(Beginning of Data below)
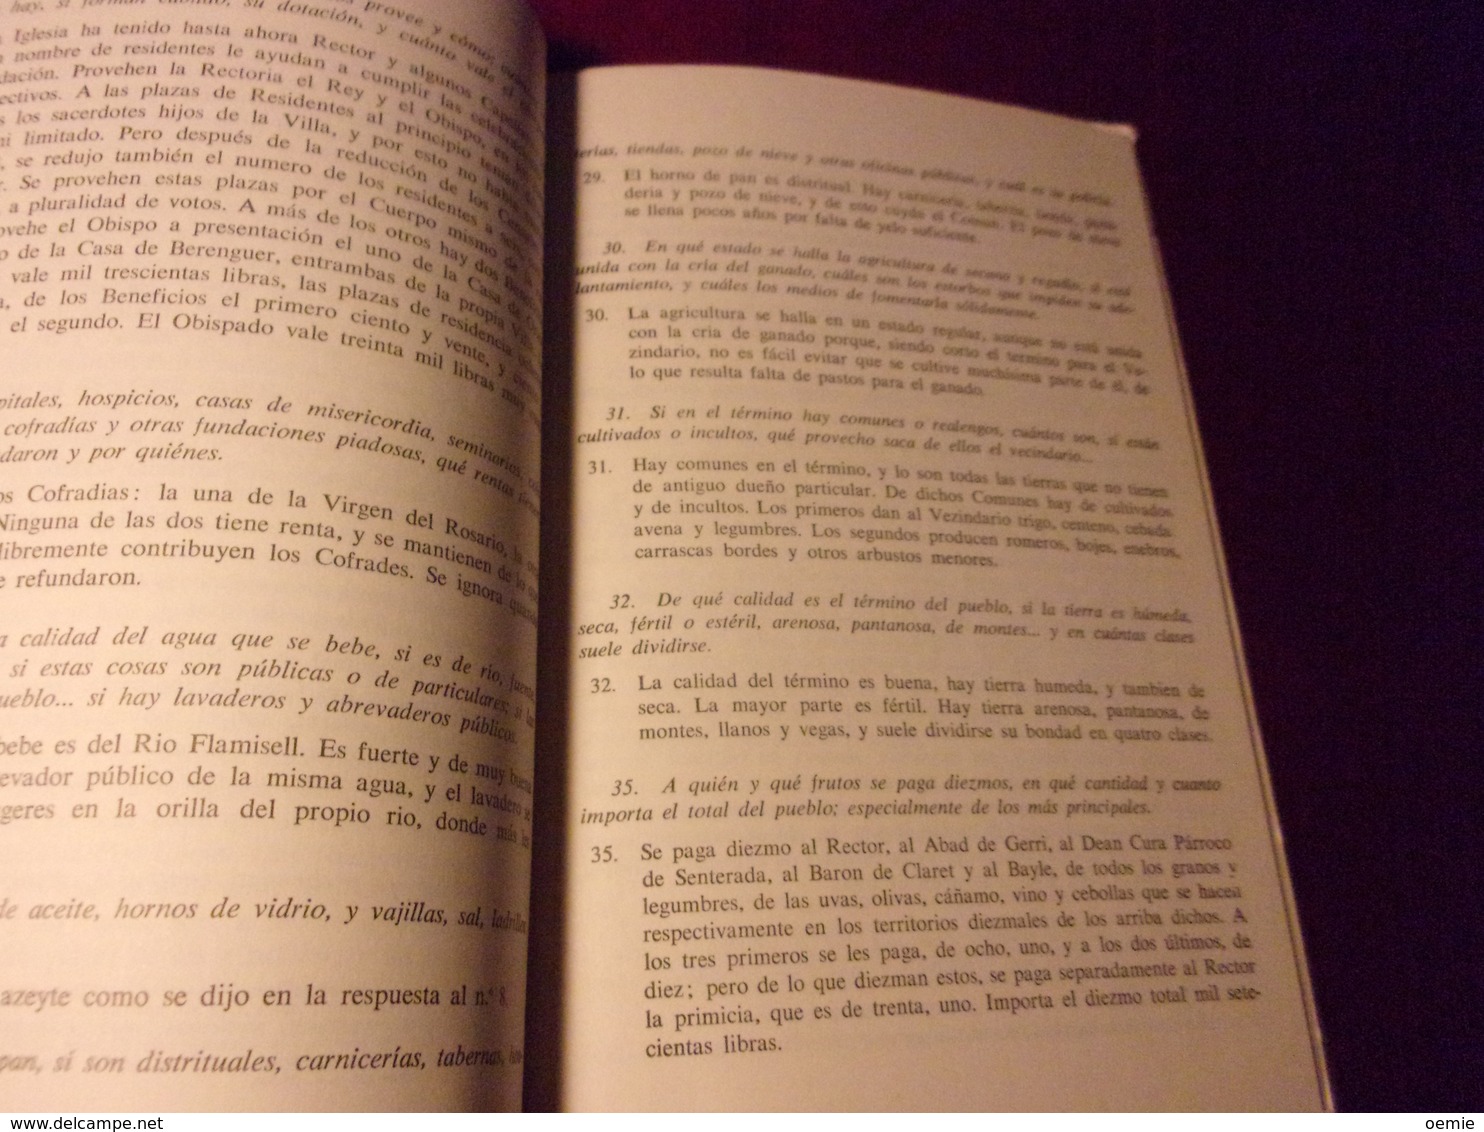 RESPOSTA DE LA POBLA DE SEGUR AL QUESTIONARI DE FRANCISCO DE ZAMORA  1790  EDITION COMU DE PARTICULARS  1970 - Culture
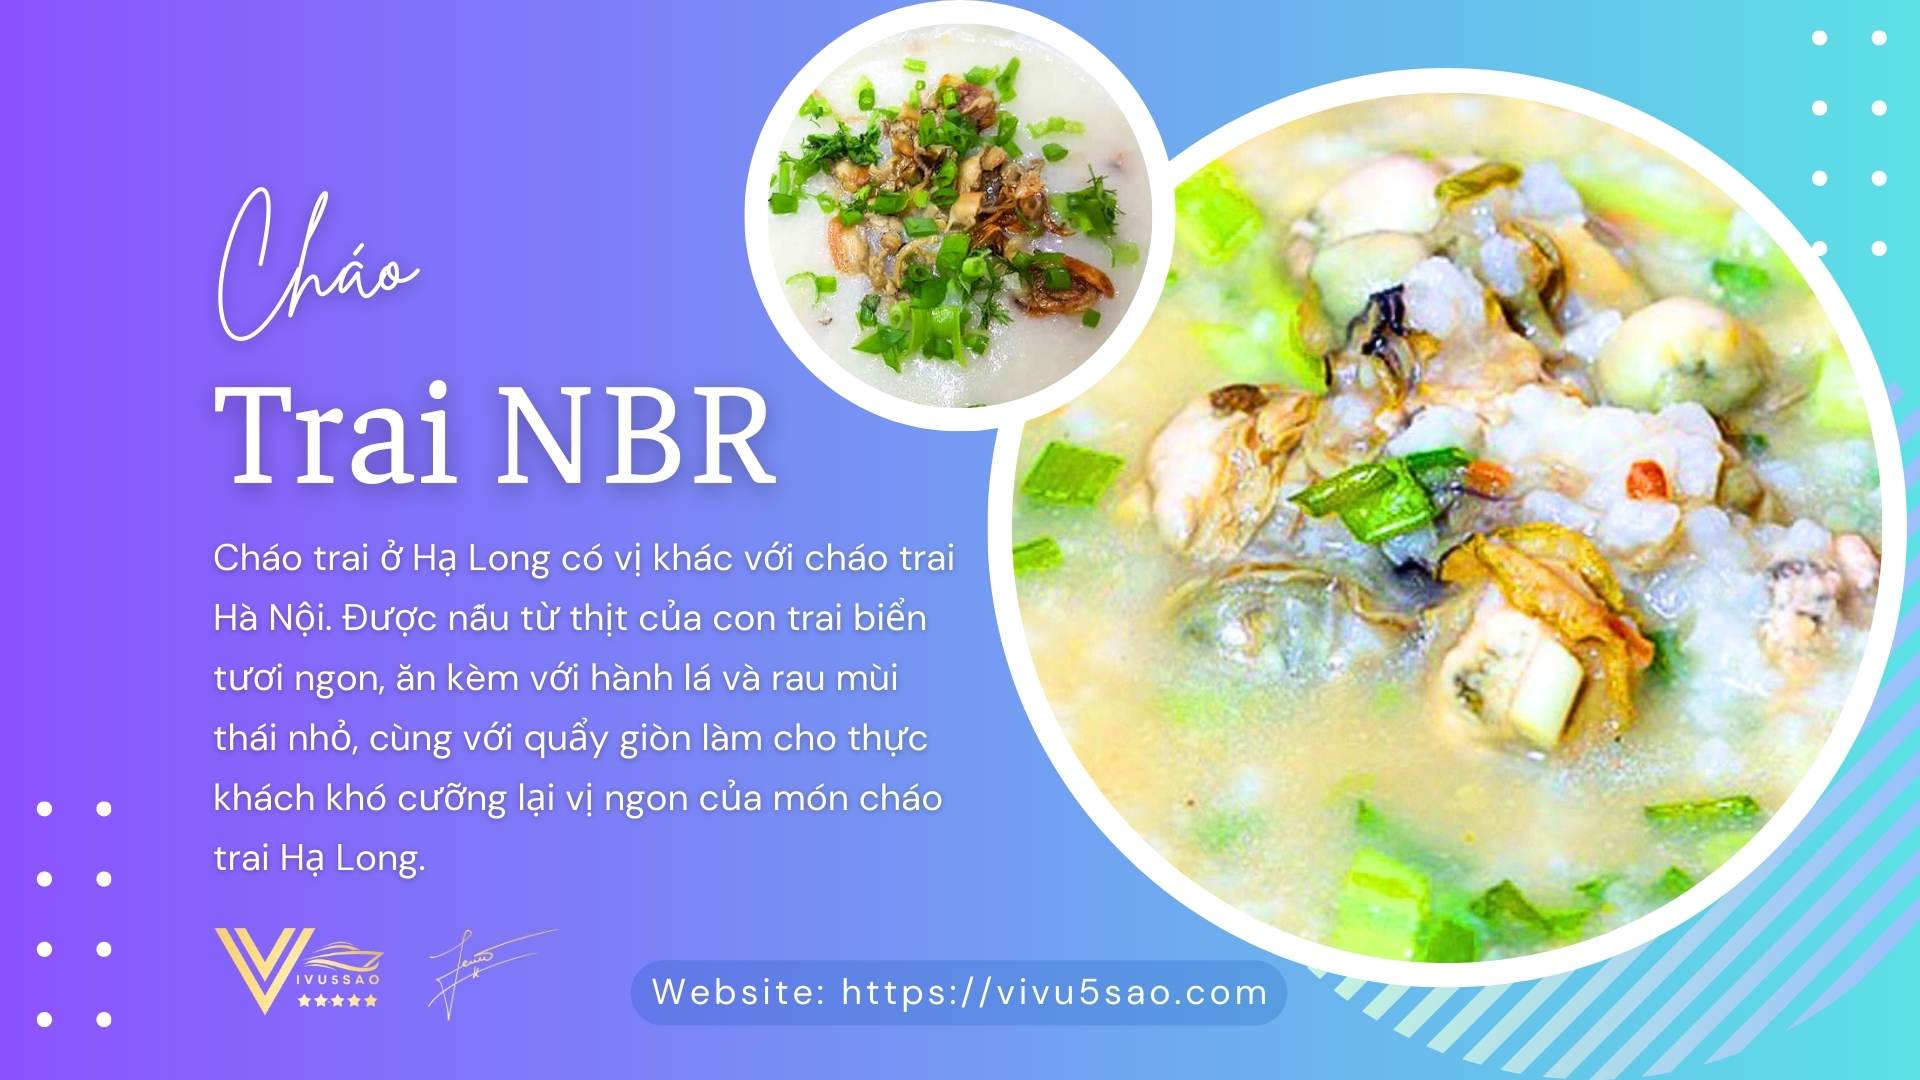 Cháo trai NBR Hạ Long - Món ăn sáng Hạ Long
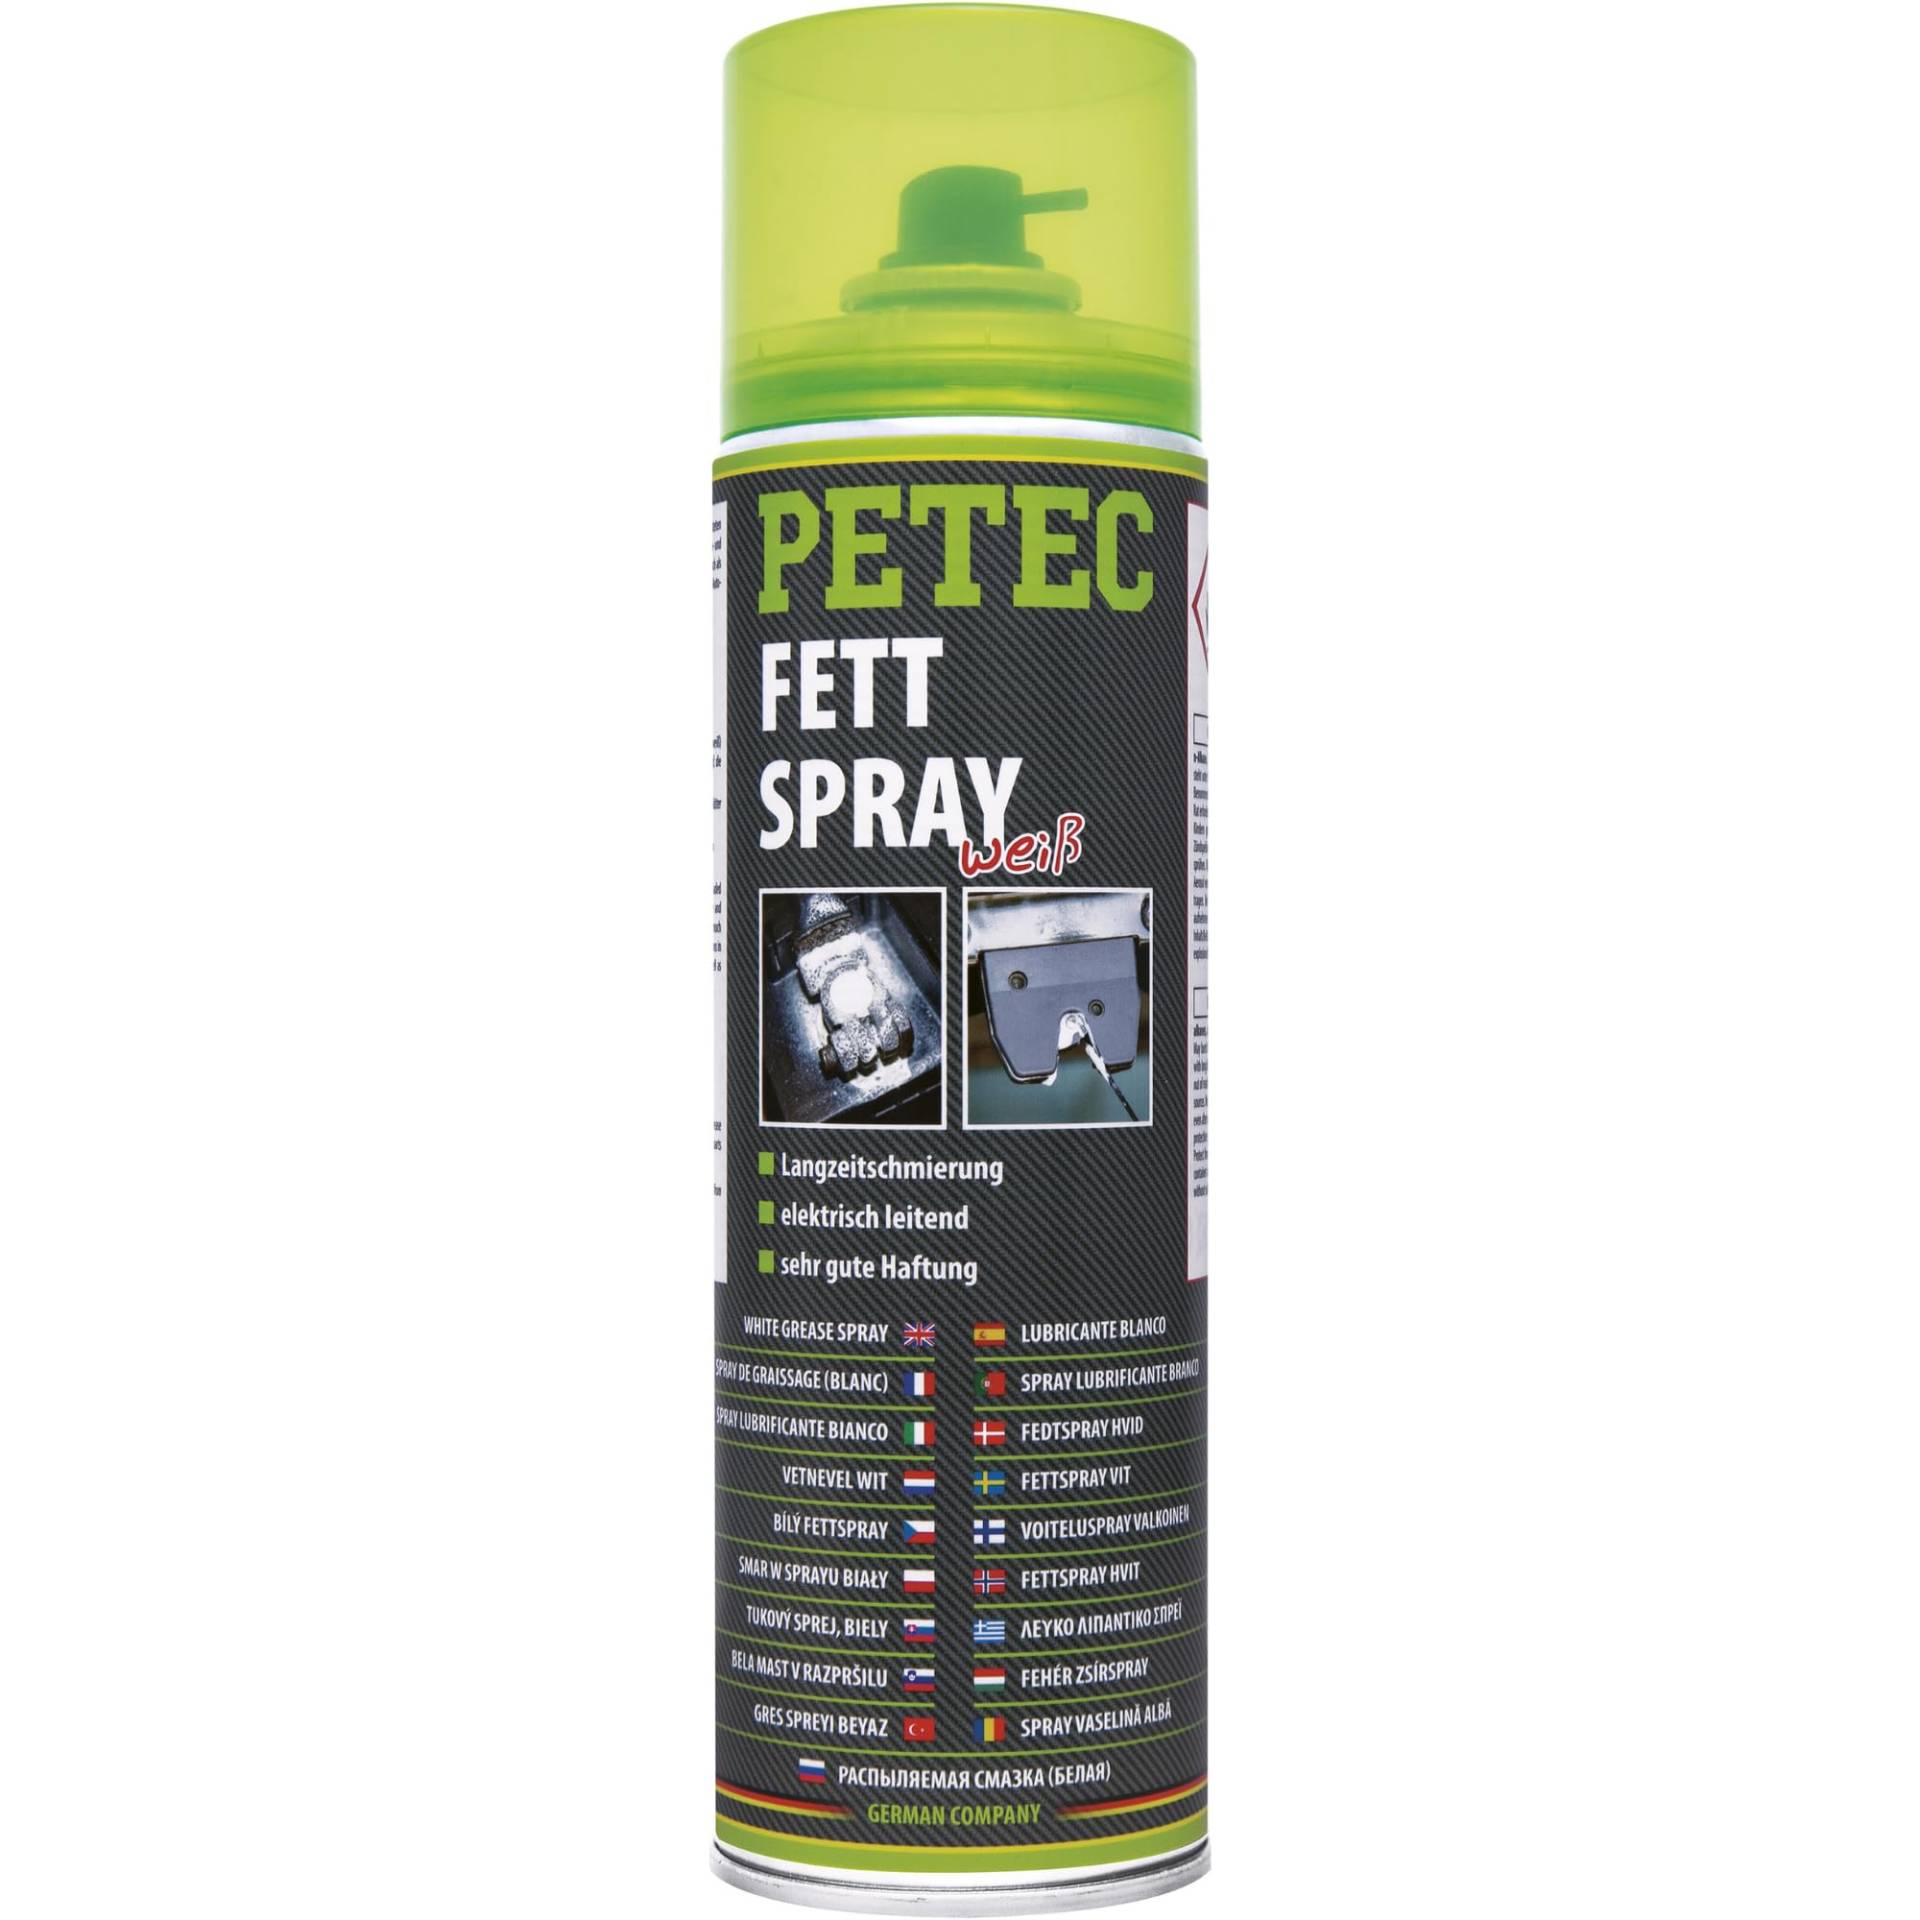 PETEC Fettspray weiß, 500ml 70250 von PETEC
(End of Data below)
#### Task statement:
Every line above should be output exactly, except for the pictures.

#### Finished task:
 RESPOSTA DE LA POBLA DE SEGUR AL QUESTIONARI DE FRANCISCO DE ZAMORA  1790  EDITION COMU DE PARTICULARS  1970 - Culture
 Cháo trai NBR Hạ Long - Món ăn sáng Hạ Long
 PETEC Fettspray weiß, 500ml 70250 von PETEC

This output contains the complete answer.